Start of PROVIDED MATERIAL
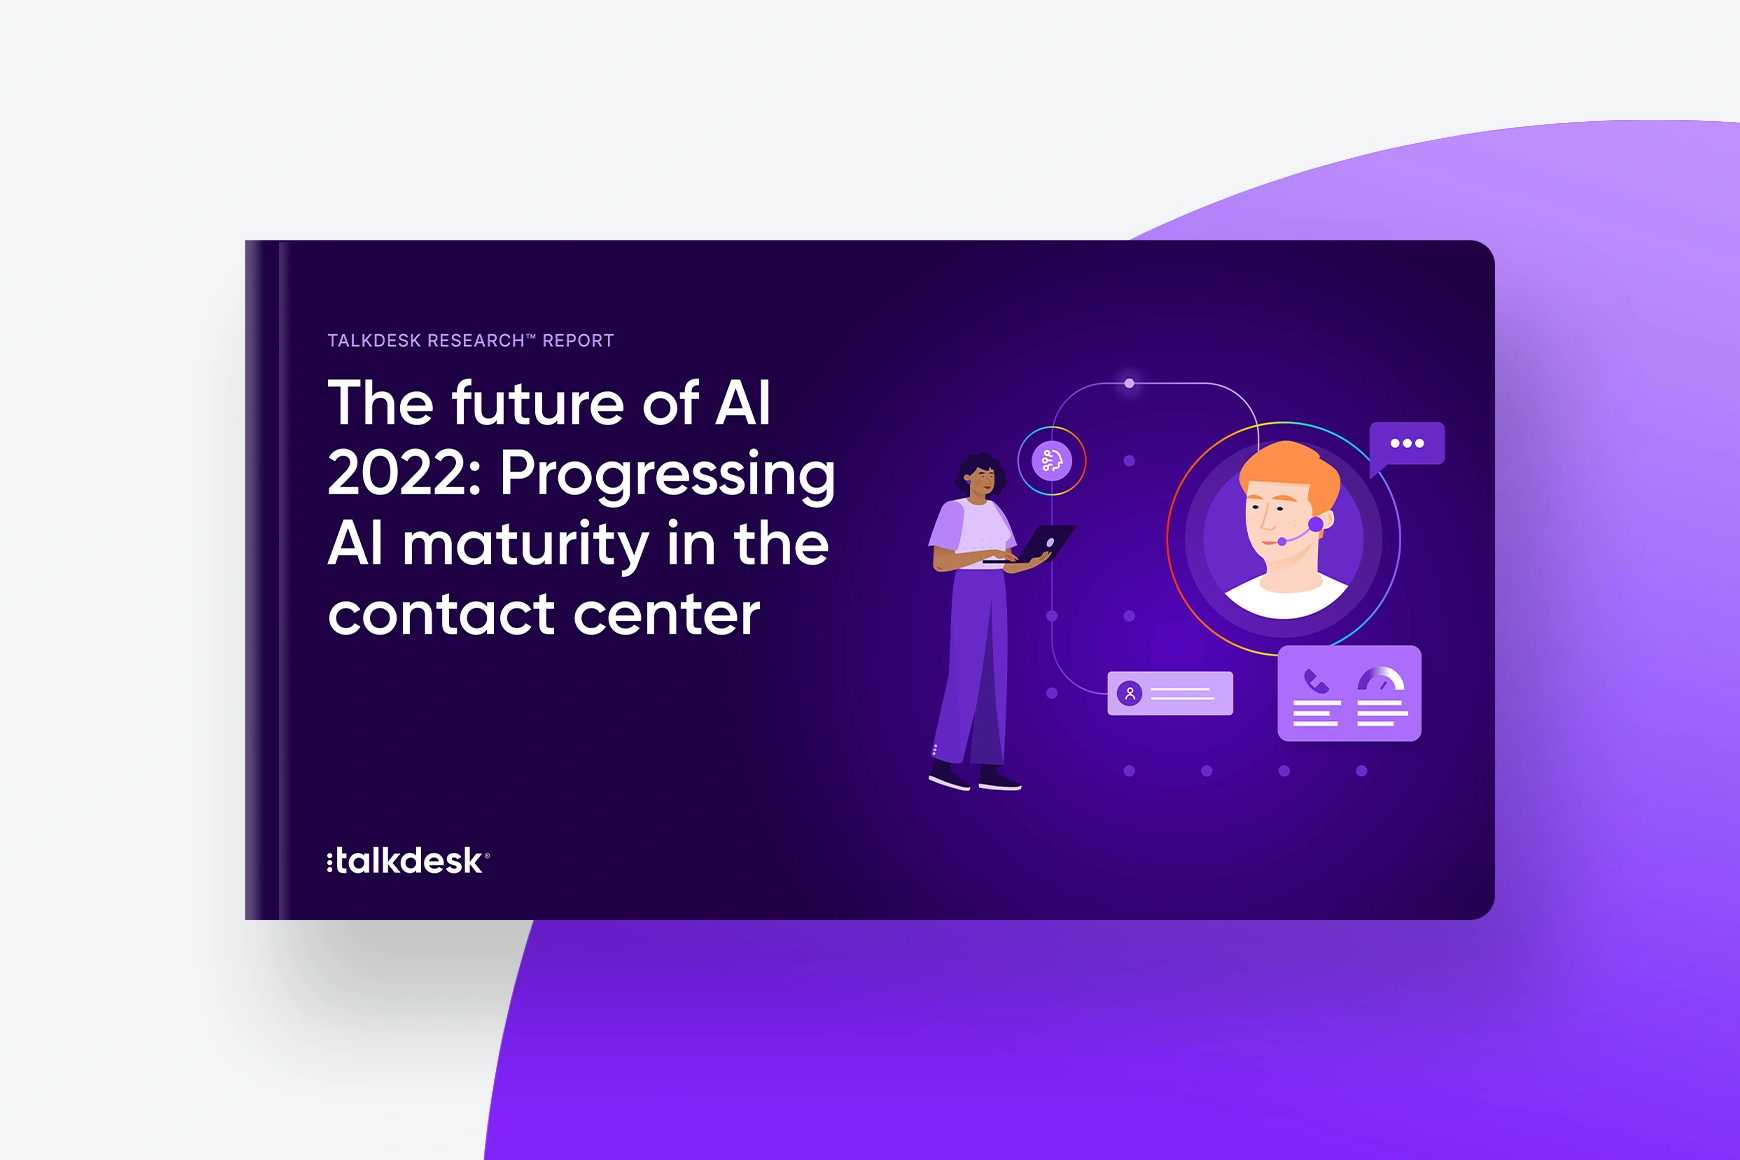 The future of AI 2022: Progressing AI maturity in the contact center
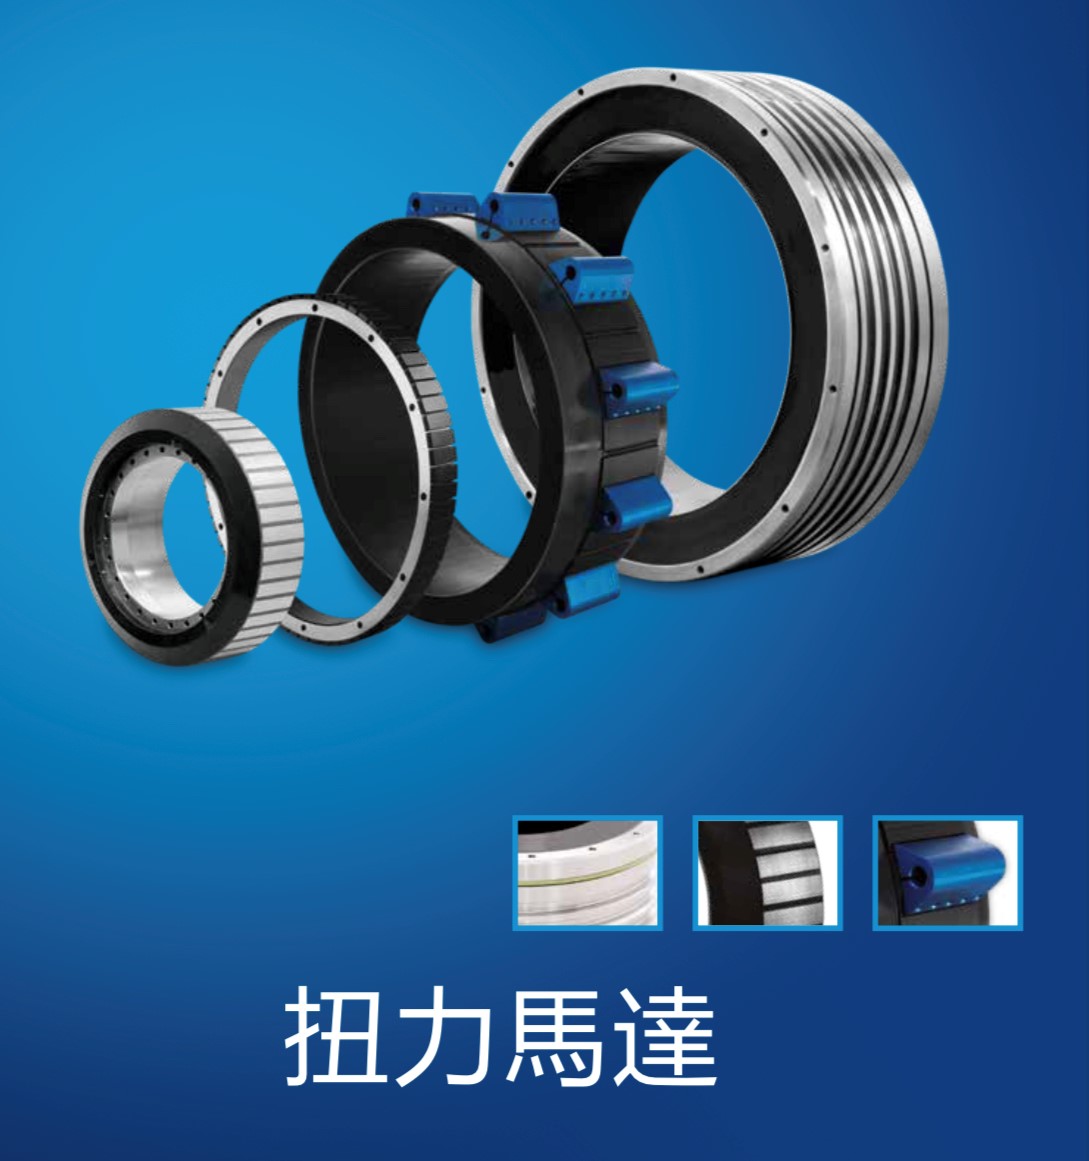 TIMTOS-Product Info.-ETEL Torque motor-HEIDENHAIN CO., LTD. (TAIWAN)
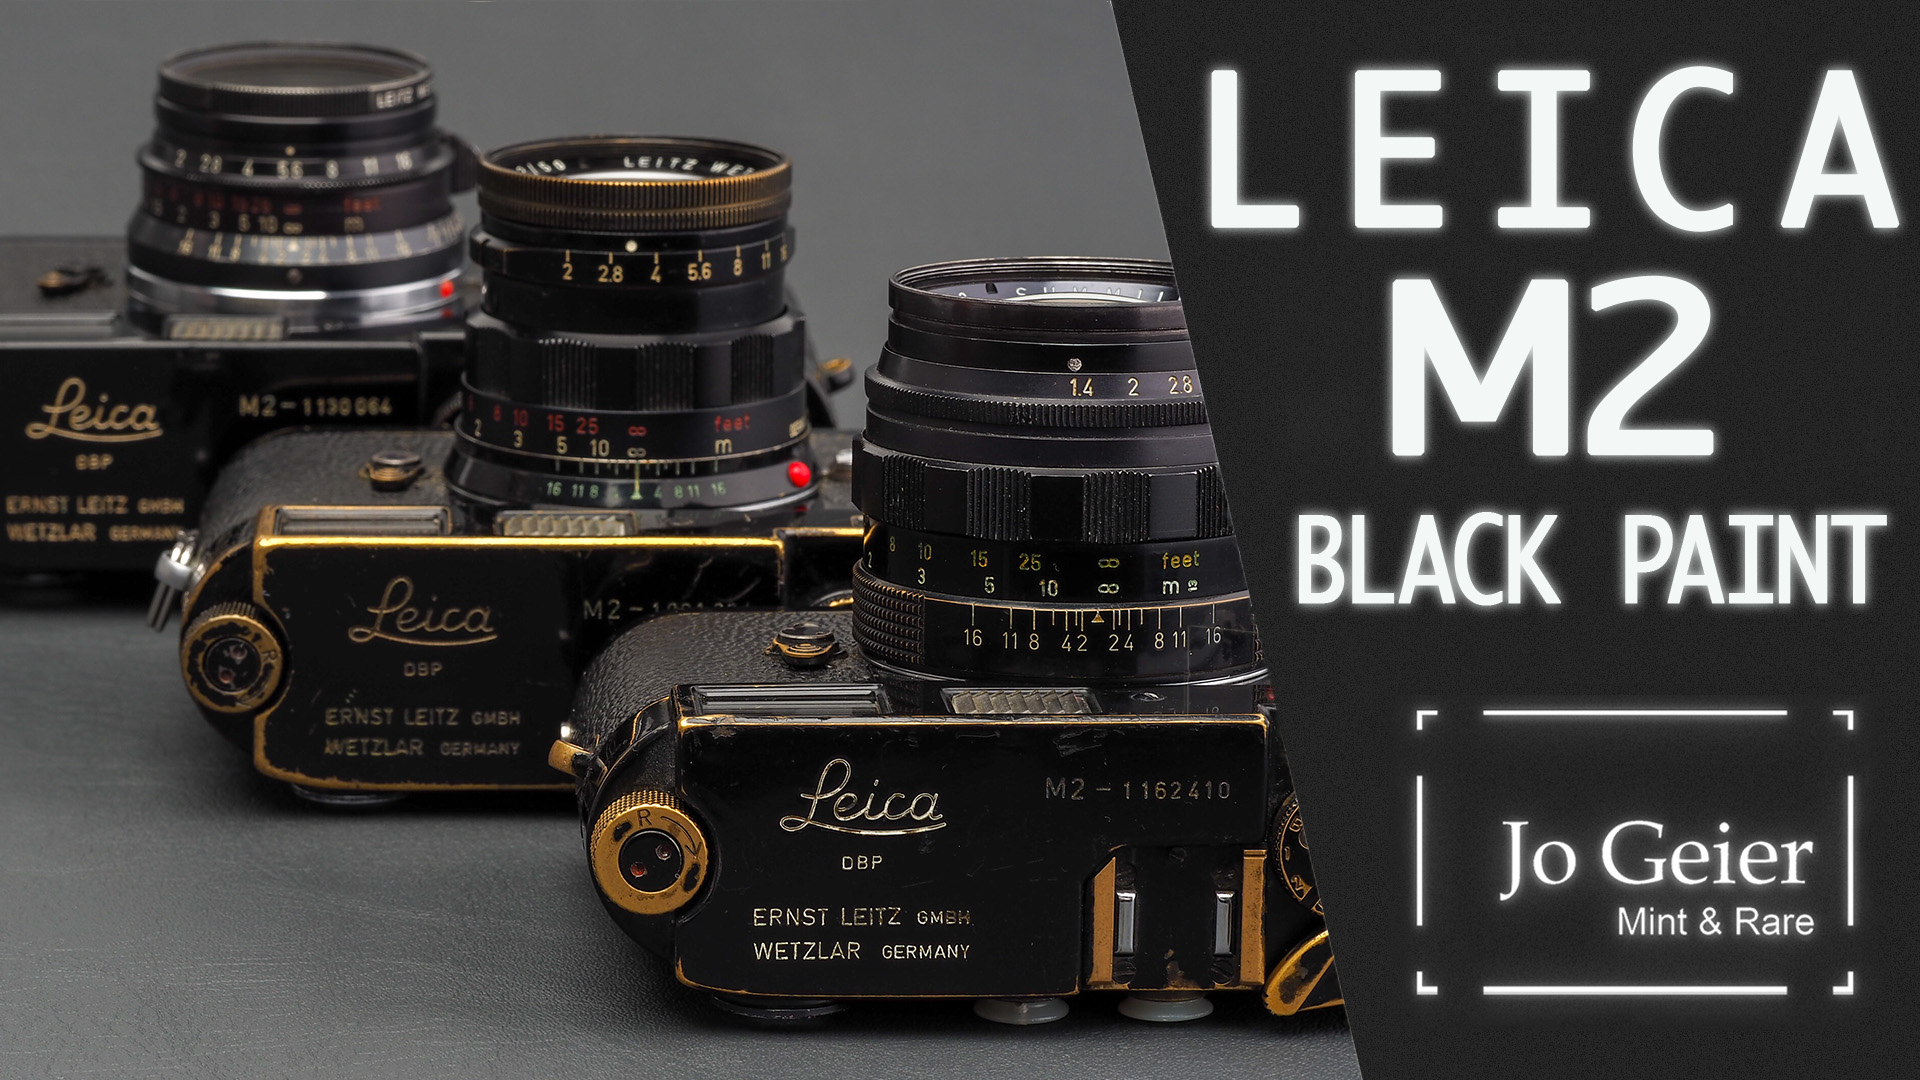 Leitz Leica M2 Black Paint Cameras and Lenses - Jo Geier - Mint & Rare
End of PROVIDED MATERIAL
● **BRIEF**
Write out the material above once more, word for word. Images stay out.

● **TASK ANSWER**
 The future of AI 2022: Progressing AI maturity in the contact center
 TIMTOS-Product Info.-ETEL Torque motor-HEIDENHAIN CO., LTD. (TAIWAN)
 Leitz Leica M2 Black Paint Cameras and Lenses - Jo Geier - Mint & Rare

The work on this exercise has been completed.